Recorded data =>
===============

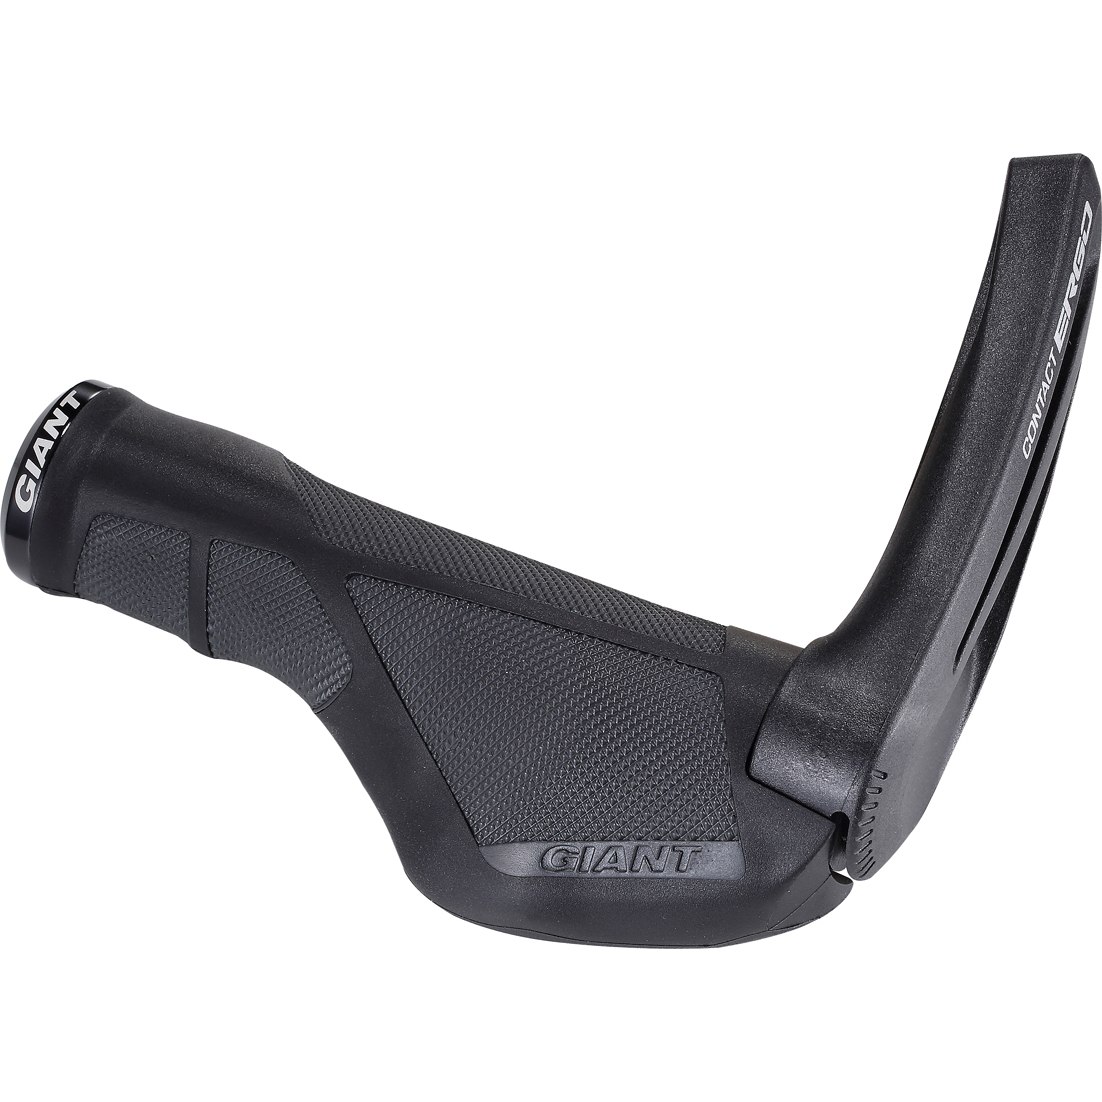 Image of Giant Connect Ergo Max Plus Grips - black/gray
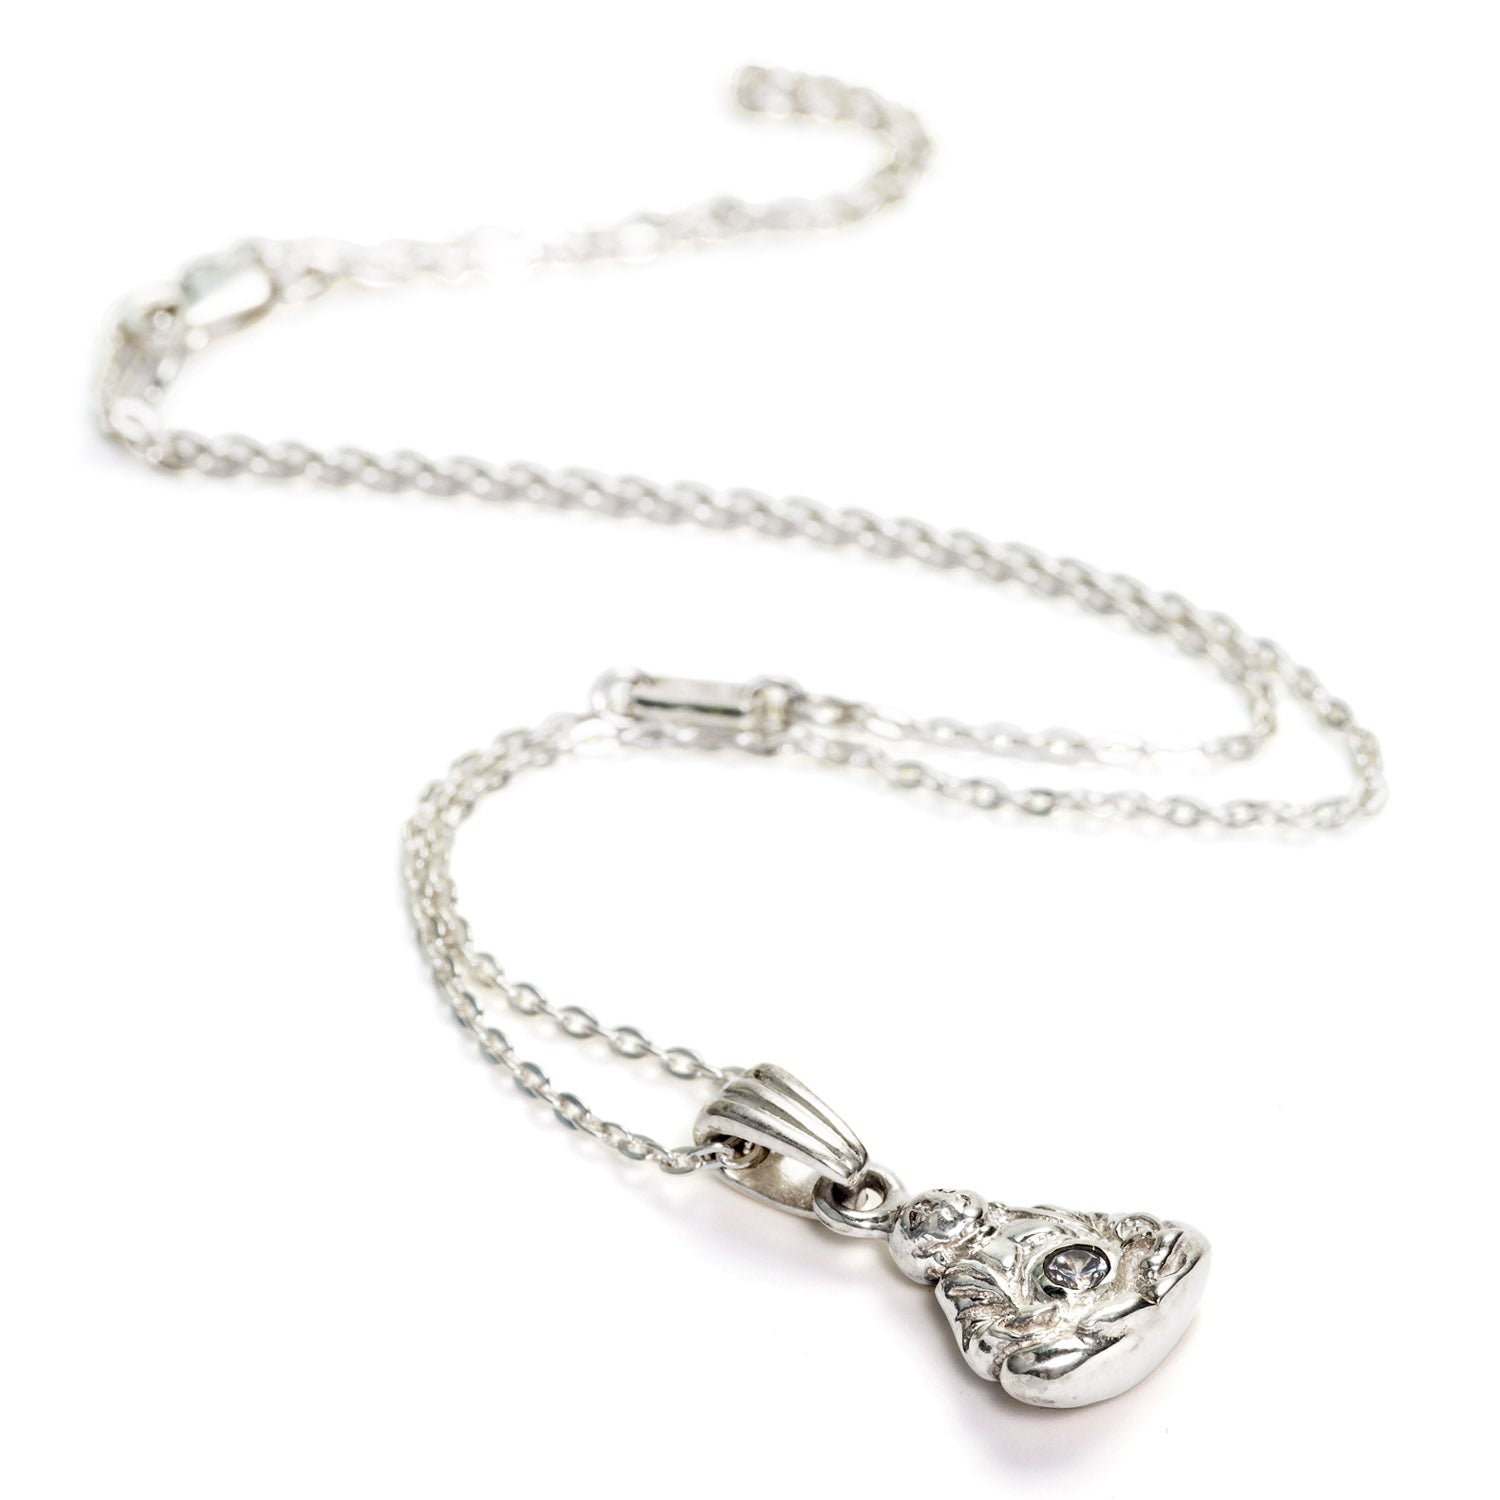  God of Luck Buddhai necklace silver by ETERNAL BLISS - Spiritual Jewellery
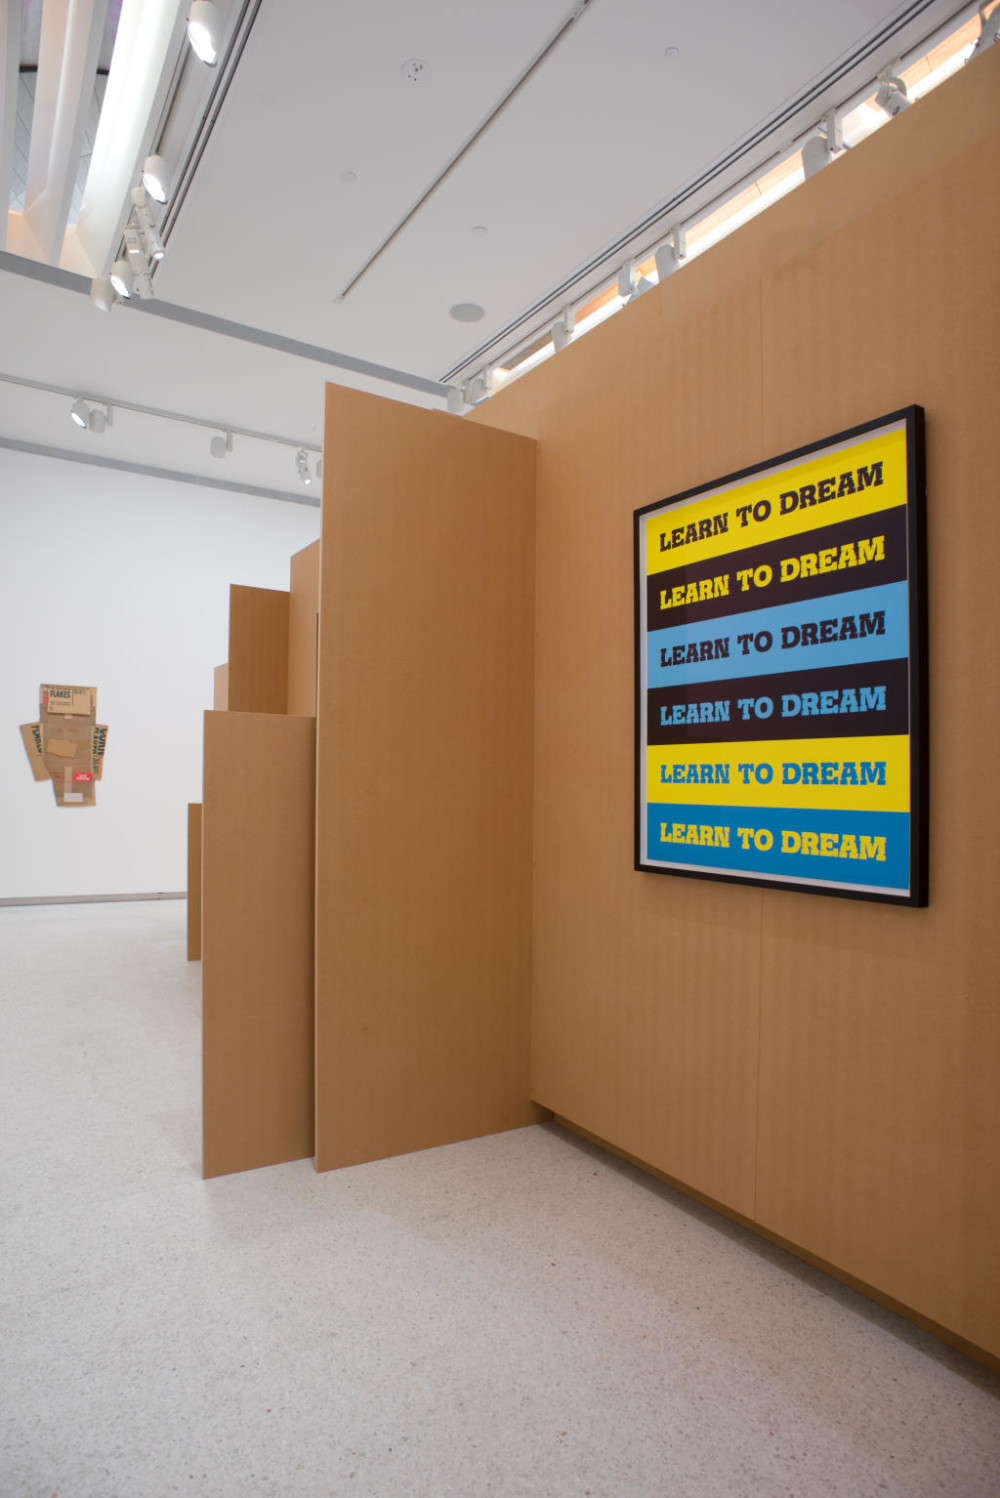 The image shows the other side of the freestanding cardboard structure. On a wall of the structure hangs a screenprint consisting of blue, yellow and black horizontal stripes, each of which has 'LEARN TO DREAM' written in capitals in black, yellow and blue on each stripe so it repeats across the entire print. On the wall of the main gallery space in the background, a 2D work made up of found carboard scraps haphazardly arranged together can be seen.

===============

What is expected =>
Replicate the material above verbatim; images stay out of the copy.

Exercise answer =>
 Image of Giant Connect Ergo Max Plus Grips - black/gray
  God of Luck Buddhai necklace silver by ETERNAL BLISS - Spiritual Jewellery
 The image shows the other side of the freestanding cardboard structure. On a wall of the structure hangs a screenprint consisting of blue, yellow and black horizontal stripes, each of which has 'LEARN TO DREAM' written in capitals in black, yellow and blue on each stripe so it repeats across the entire print. On the wall of the main gallery space in the background, a 2D work made up of found carboard scraps haphazardly arranged together can be seen.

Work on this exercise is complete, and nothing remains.